Firm favourites were the works of Peter Cook and Dudley Moore. These two were hilarious and brilliant wordsmiths. More importantly, especially in their incarnation as Derek and Clive, they were absolutely filthy.
One particular sketch that was recited ad nauseam was The Worst Job I Ever Had. This featured 1950s film star Jayne Mansfield, a lovely woman, according to Derek and Clive, but one who suffered from an unpleasant and highly unusual intolerance to seafood.
The worst job I ever had was sub-editing the Software User's Yearbook Products Volume 1998. There was precious little wordsmithery within its 1,200 pages, and an almost criminal lack of filth or humour of any kind.
This was the golden age of software, when programming was the new rock 'n' roll, having just snatched that accolade from stand-up comedy. Every man, woman and child was seemingly churning the stuff out from backrooms, garages and sheds across the land. A short time later, of course, most would be brutally culled by the dotcom crash, with the remaining few hoovered up by Microsoft and Oracle, but that's another story.
A directory featuring 40,000 must-have software products with glowing descriptions written by their authors or hired hands, the Software User's Yearbook Products Volume 1998 was rendered almost completely unintelligible by the blurb writers' insistence on squeezing every single buzzword going into their allotted 100 words.

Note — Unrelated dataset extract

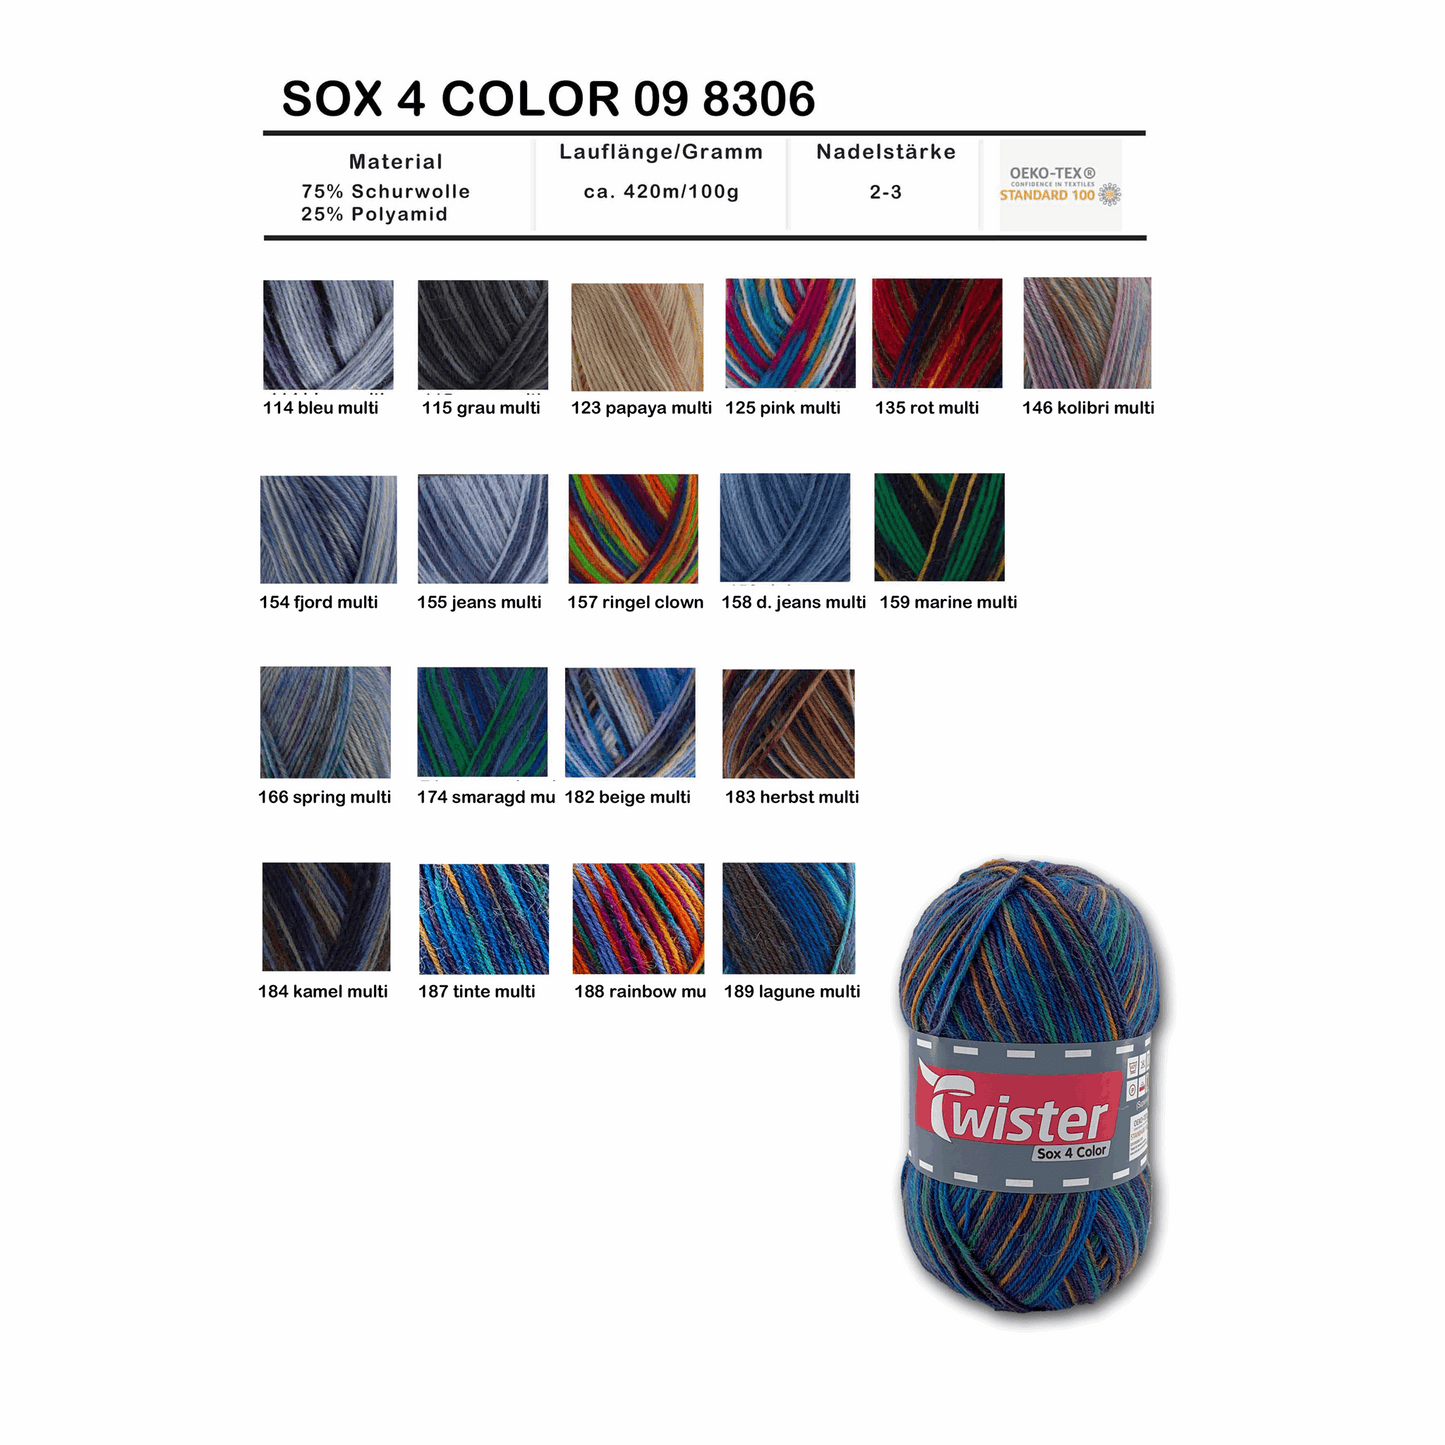 Twister Sox4 Color superwash, papaya multi, 98306, Farbe 123

At many points during the long and terrible subbing process I felt my sanity ebbing away under the weight of all this blather. What kept me from going under completely were the occasional (usually unintended) points of hilarity.
Don't have a cow
For example, I did enjoy reading about a "powerful non-bovine stock management solution", which I'm sure, given its billing, stood head and muscular shoulders above a field bristling with non-bovine stock management solutions.
In 1998 "powerful" and "solution" were two words that had to be included, no matter what. Miss out the "powerful" and readers would surely conclude that your software was feeble. Omit "solution" and they might think they didn't have a problem after all. And where's the use in that?
The trouble is, once all of the superlatives had been shoehorned in, there was no room to say what the software actually did – which is, of course, to miss the point. Marketing is all about emotions and nothing about answers. You're supposed to think "Damn! That non-bovine stock management solution makes me feel GOOD!" first, and "I wonder what it does?" a distant second.
This might work for washing powder or cars, but does it really work for software?